Last year, more than 800 undergraduate and graduate students sought help at the Johns Hopkins University Counseling Center, which serves Homewood, Peabody, and the School of Nursing. The nine psychologists and three psychology interns at the center provide invaluable services to students in crisis.

886: Number of students who received counseling, up 10.5% from the previous year.

71: Number of students in group counseling in 15 groups, including the Dissertation Support Group, the International Students Discussion Group, Stress Management/Relaxation Workshops, and Survivors of Sexual Abuse and Assault.

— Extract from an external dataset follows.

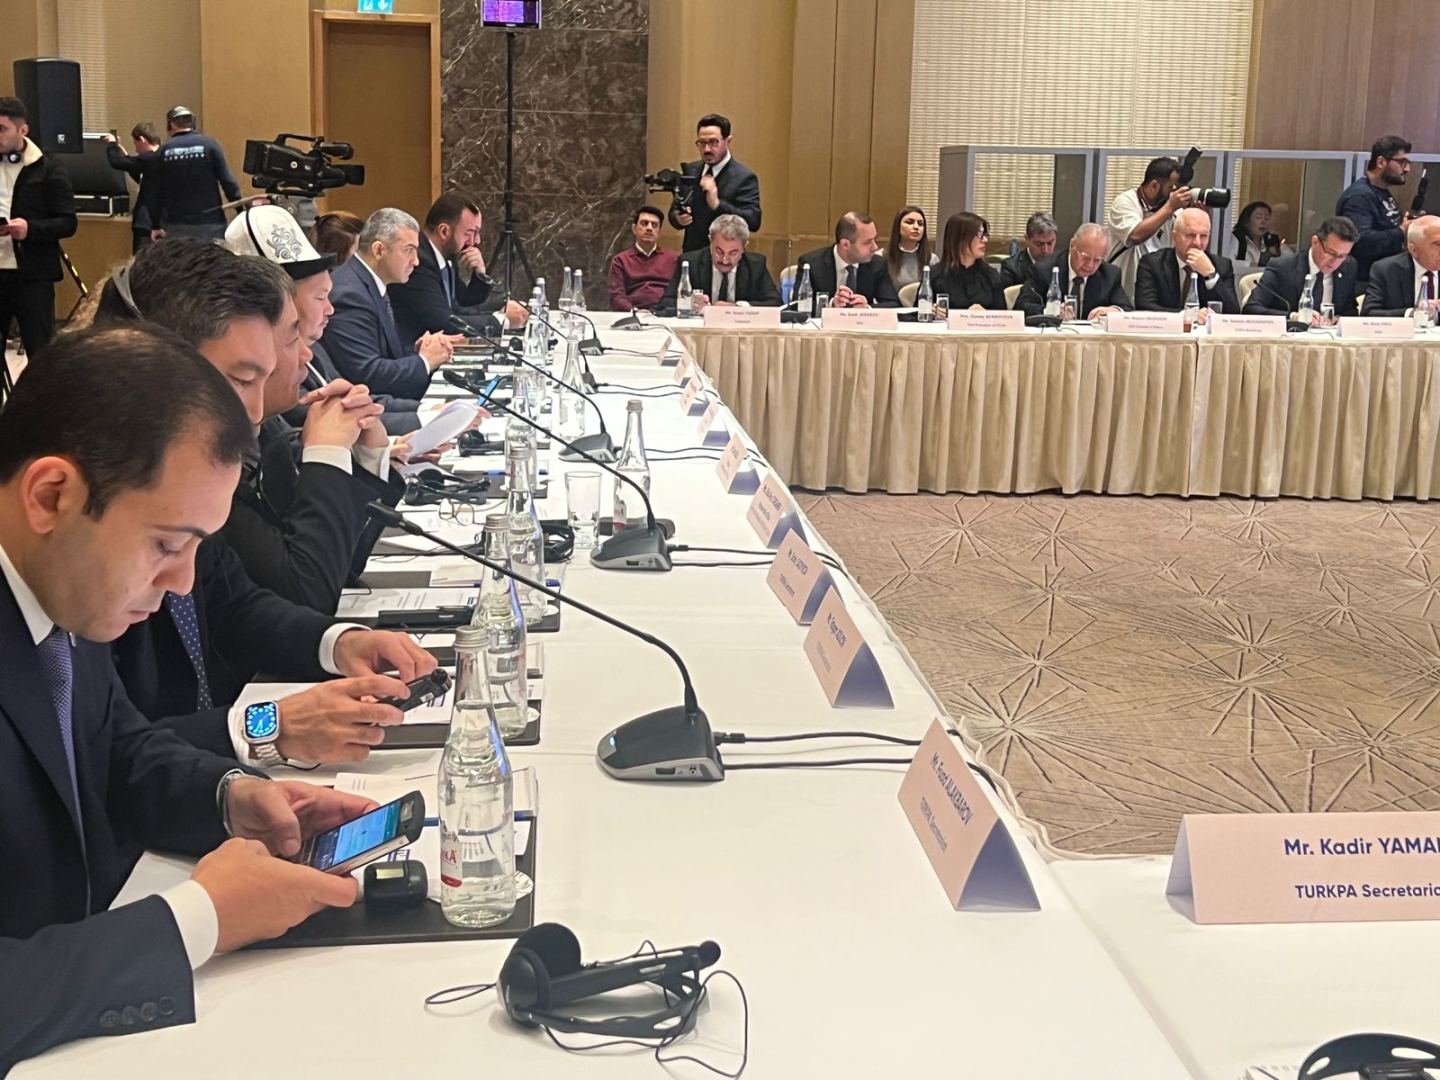 В Баку прошла конференция на тему "Гейдар Алиев и парламентаризм" (ФОТО)

251: Number of students who were prescribed medication.

44: Number of students in suicide tracking. Students who seem especially at risk for suicide receive intensive treatment, which may include more frequent counseling sessions and psychiatric consultations. Careful monitoring makes sure these students don't fall through the cracks.

81: Number of clients believed to have been prevented from harming themselves or others.

47: Number recommended for mental health leave.

36: Percent of students who came for "feelings of being overwhelmed," the most common complaint.
-Catherine Pierre


Vital Signs

Some Kids Outgrown Peanut Allergies

Children who suffer from serious and life-threatening peanut allergies may outgrow their allergies, researchers from the Johns Hopkins Children's Center and Arkansas Children's Hospital reported in the July issue of the Journal of Allergy and Clinical Immunology.

The study, led by Robert Wood, pediatric allergist and immunologist at the Hopkins Children's Center, found that more than half of the study group had outgrown their allergies and that children who were thought to have outgrown their allergies did not experience a recurrence. Experts had previously believed that peanut allergy, which affects an estimated 1.5 million Americans and is on the rise, was a lifelong problem.

As a result of the study, Wood recommends that children with peanut allergy be tested on a regular basis, every one or two years. "Peanut allergy has a huge effect on the lives of that child and the family," Wood says. "If you can find even 20 percent of children who outgrow it, then it is worth the work." -Maria Blackburn

Stem Cells Improve Mobility

Injecting human stem cells into the fluid around the spinal cord of paralyzed rats clearly improves the animals' ability to control their hind limbs, according to a recent Hopkins study.

Scientists first thought the functional recovery had come from human cells reconstituting destroyed nerve circuits, according to first author Douglas Kerr, assistant professor of neurology at the Johns Hopkins School of Medicine. In fact, the human embryonic germ cells created an environment that protected and helped existing rat neurons to survive.

This discovery will help with the analysis of the potential of various types of stem cells in disorders of motor neurons, according to Jeffrey Rothstein, director of the Robert Packard Center for ALS Research at Johns Hopkins and a research team member.

Kerr, Rothstein, and their colleagues reported their findings in the June issue of the Journal of Neuroscience. -MB


Here and Abroad

Injuries from automobile crashes, drowning, and other causes cost China $12.5 billion a year in medical expenses and lost productivity, according to a study by researchers from Johns Hopkins' Bloomberg School of Public Health and the School of Medicine. In the study, published in the June issue of Injury Prevention, the researchers calculated the human toll lost annually to be 12.6 million potentially productive years-more than the years lost from respiratory disease, heart disease, cancer, or infectious disease.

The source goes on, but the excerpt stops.